As I was waiting, I decided that a) I was going to refuse the medication they were wanting to give through the IV (Pepcid, my stomach was fine, I didn’t need it anymore.) and b) I wanted to know if I really needed the fluids from the IV anyway. I was drinking lots of water and was plenty hydrated. The upshot of the matter is that I got them to call the resident on call who agreed to leave the IV out so long as I stayed hydrated.

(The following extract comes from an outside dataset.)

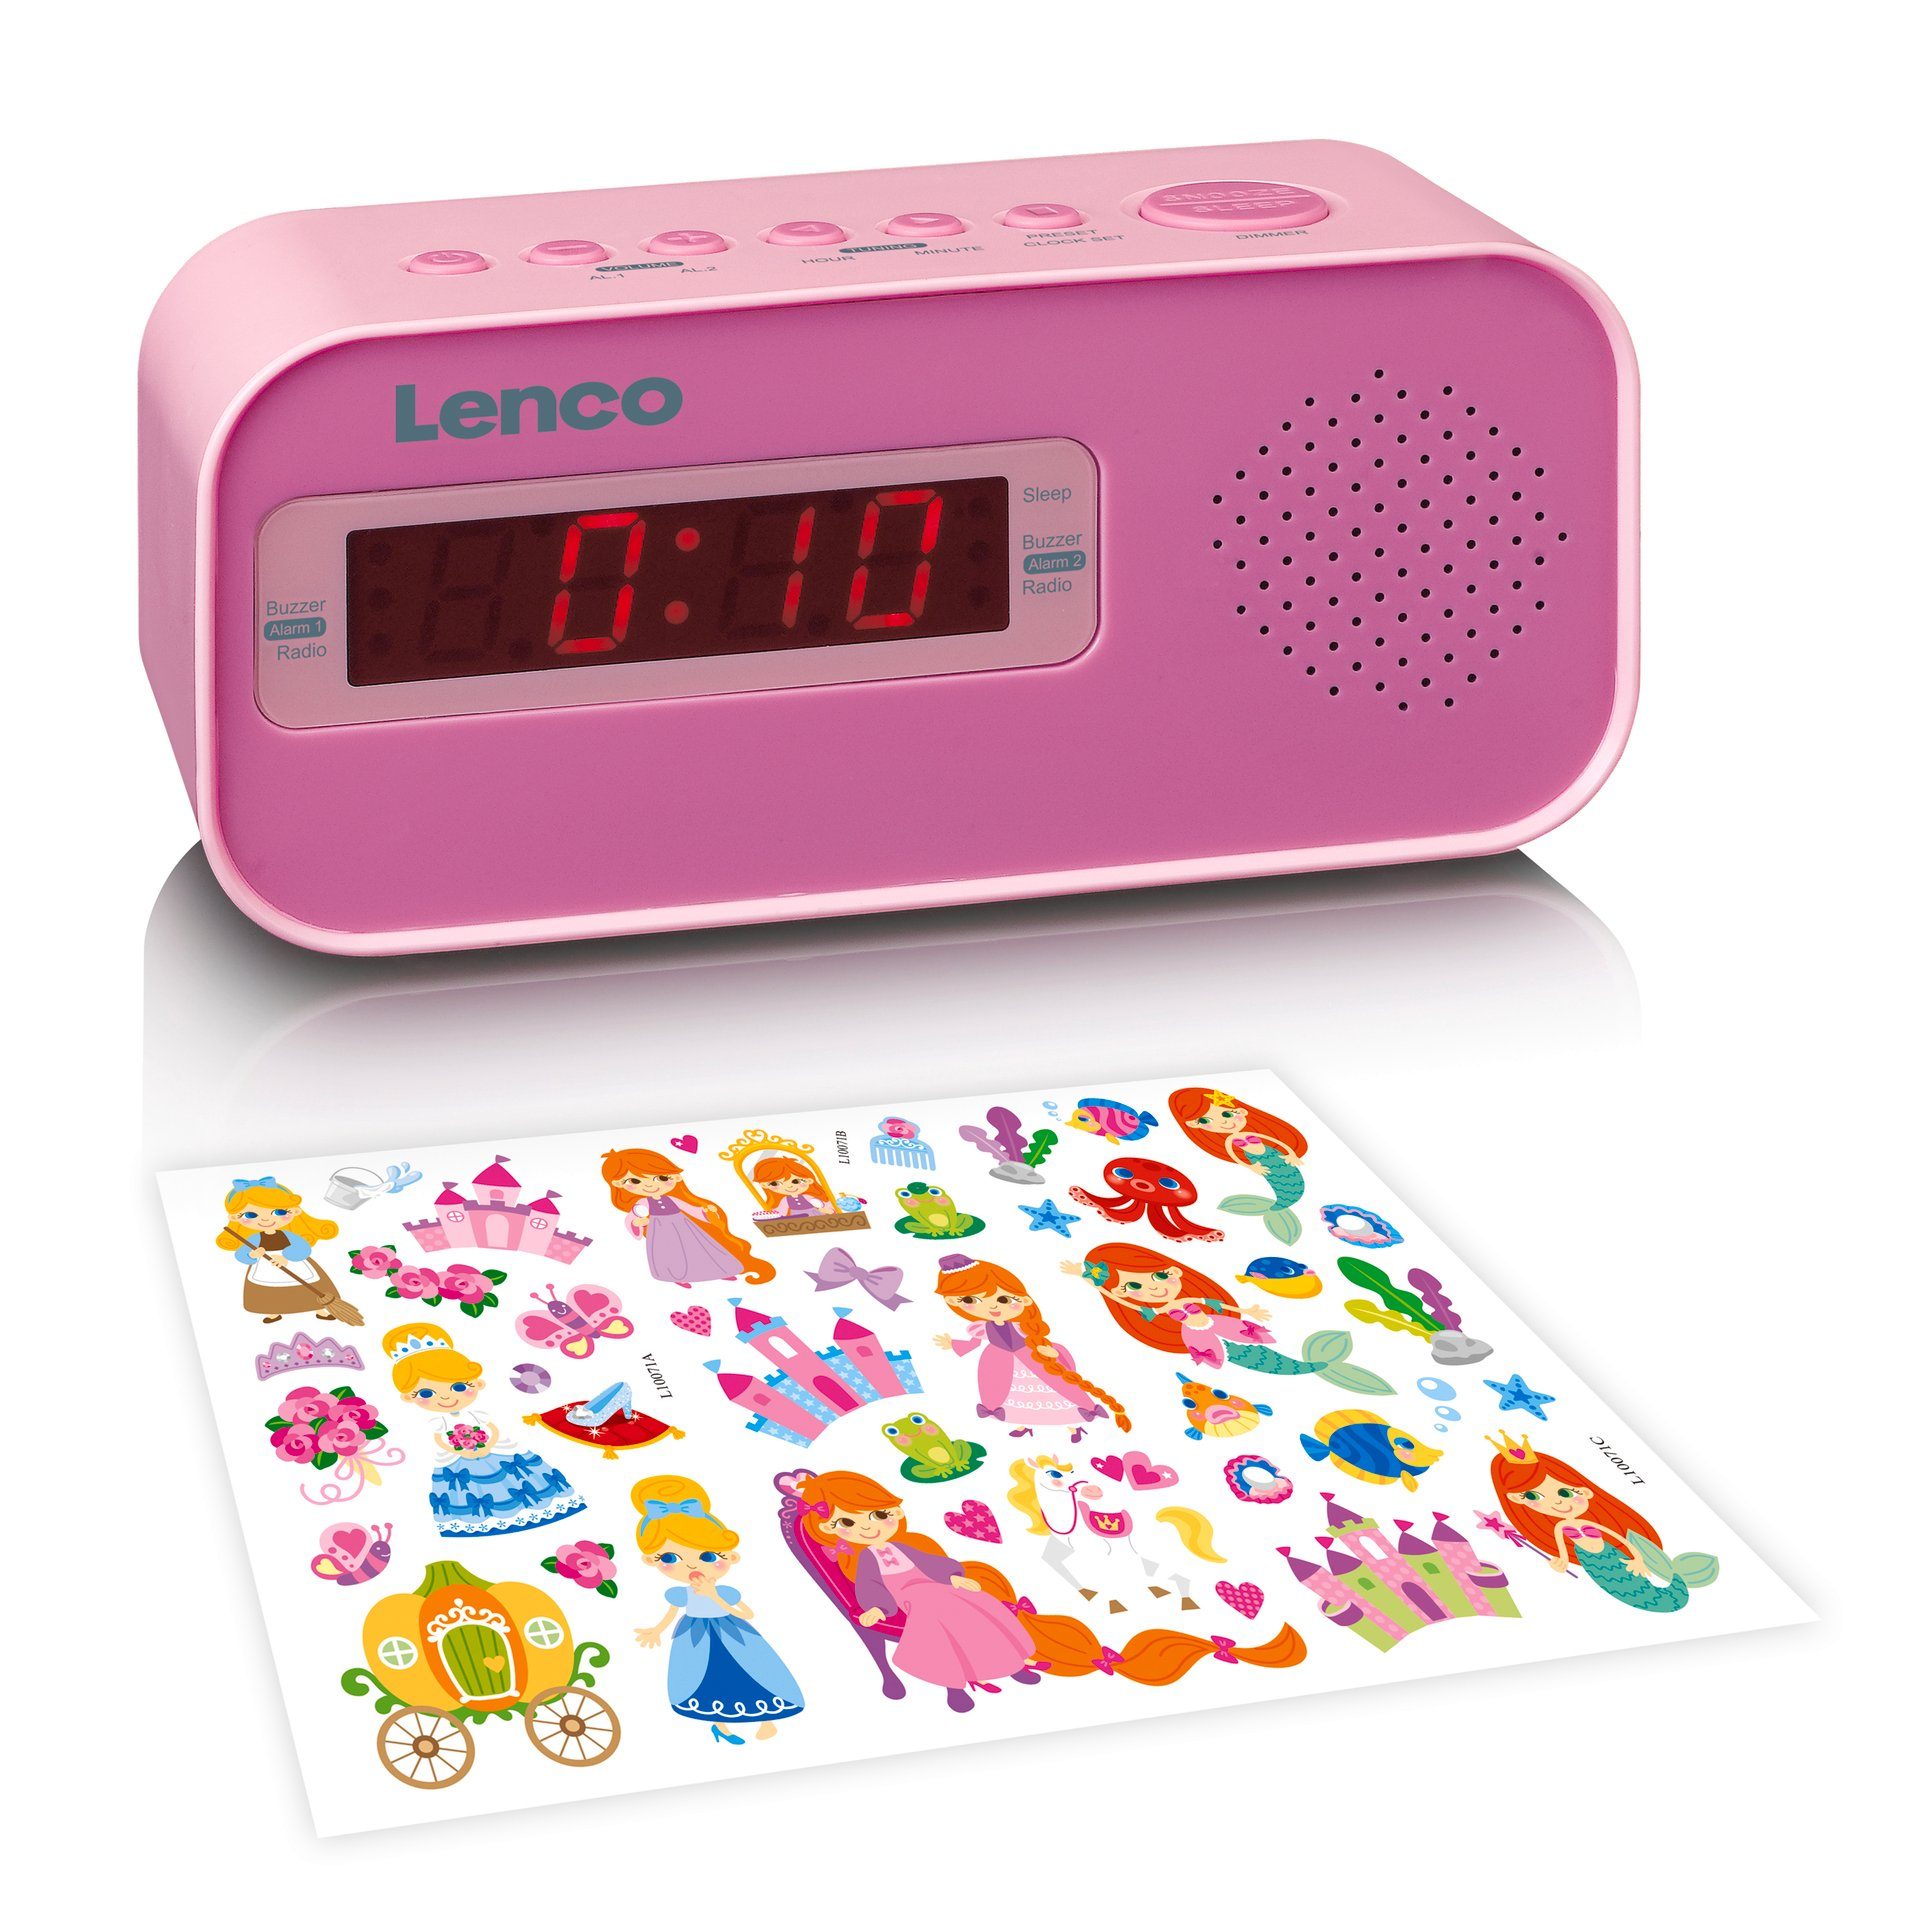 Uhrenradio CR-205 (FM-Tuner) Lenco Rosa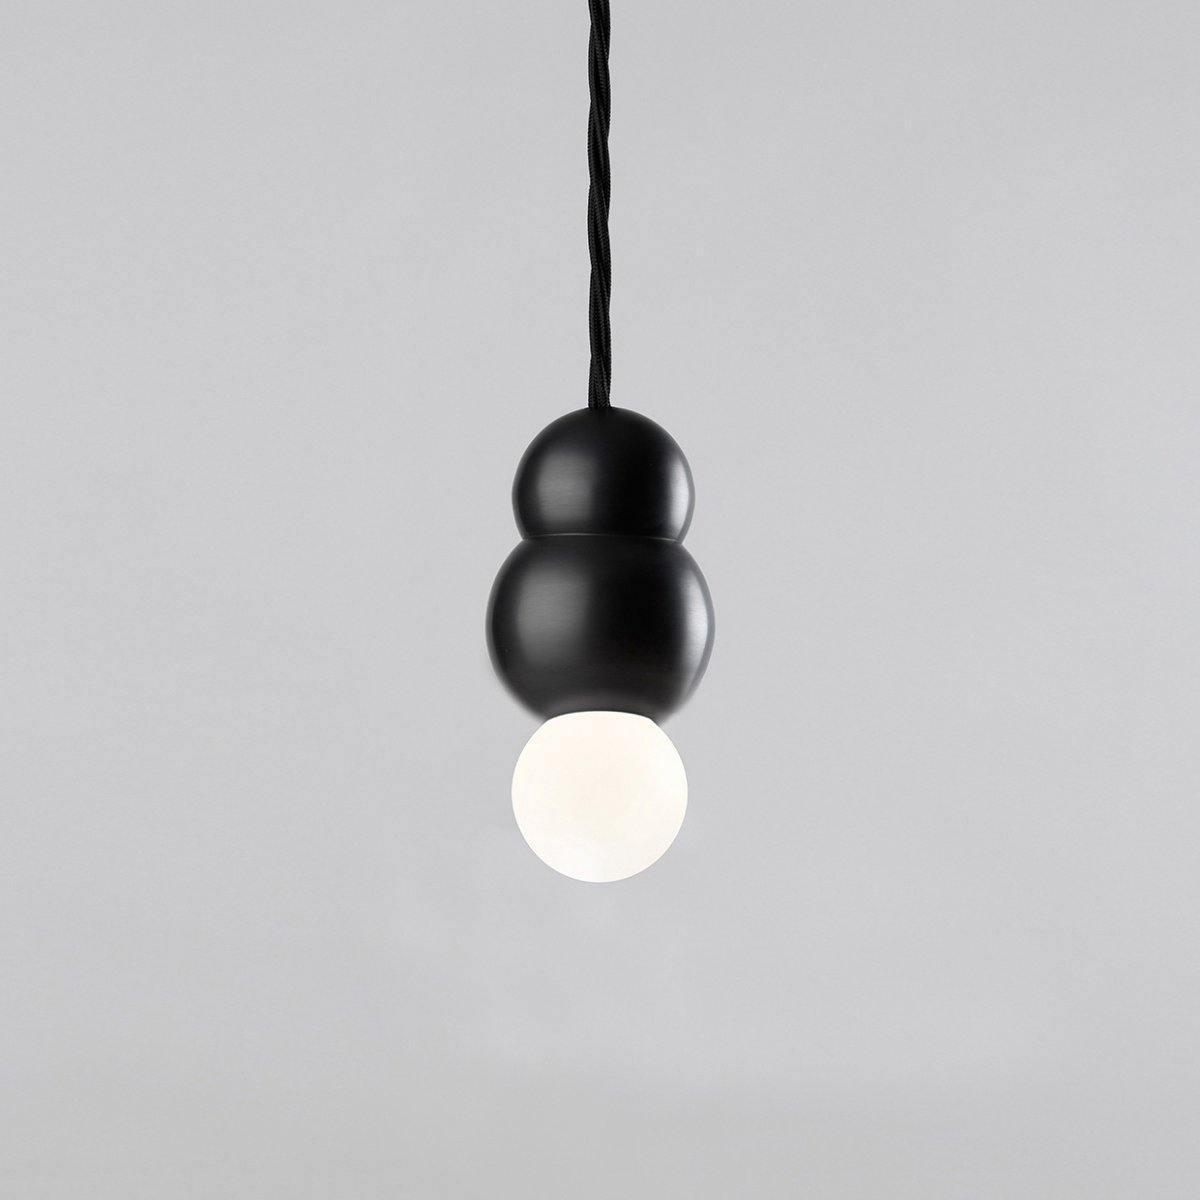 Ball light pendant

And now, for the moral of this very long tale: You MUST advocate for yourself. Seriously, friends. Most people out there aren’t going to do it for you. You MUST speak up when you have a question or something makes you uncomfortable. Just because someone has a MD or RN on their name badge doesn’t mean that they are infallible or that they are making the right decisions. And most importantly, don’t feel bad or apologize for your advocacy. You owe it to yourself!

SURPRISES
And finally, a little surprise popped up last week and I didn’t have all of the info until recently to be able to share. I’ll attempt to be brief, no promises, though =)
I had an echocardiogram done last Friday to make sure my heart was working fine and to have a baseline since one of the chemo drugs I’d be getting is cardio toxic. During my pre-op physical on Monday, the doctor shared informed me that test results showed that the ejection fraction of the left ventricle was borderline low. This means that it’s not squeezing hard enough. My rate is 48% and normal is 55-65%. I did a follow up EKG (measuring the electrical activity of the heart) which was totally normal, and then I had a stress test (echocardiogram followed by 6 minutes of treadmill walking to get the heart rate up to 155bpm followed by another echo), which also came back normal. So, if I wasn’t going to be getting chemo, this little zinger probably wouldn’t matter. But, I’m guessing I probably don’t want to blast my heart when it’s already working suboptimally. *sigh*
I’m choosing to not worry about that for now since chemo is 4 weeks away. Today, my focus will be on getting rest and being discharged from the hospital.

Comments»

1. Shannon Morber - March 22, 2014

Dear Perla–my heart is heavy for all the “downs” of this experience for you but *thrilled* to hear both you and your husband are advocating so fiercely for yourselves! Sometimes, we’re intimidated by the hospital or mistakenly ignore our own gut voices, but we possess instincts and intellect for a reason. May the remainder of your time there be more pleasant and complication-free!

2. r - March 23, 2014

Wow, rollercoaster is right! Cheers to you for advocating effectively for yourself and getting through both surgeries with aplomb. Sending loads of good thoughts for a quick recovery your way!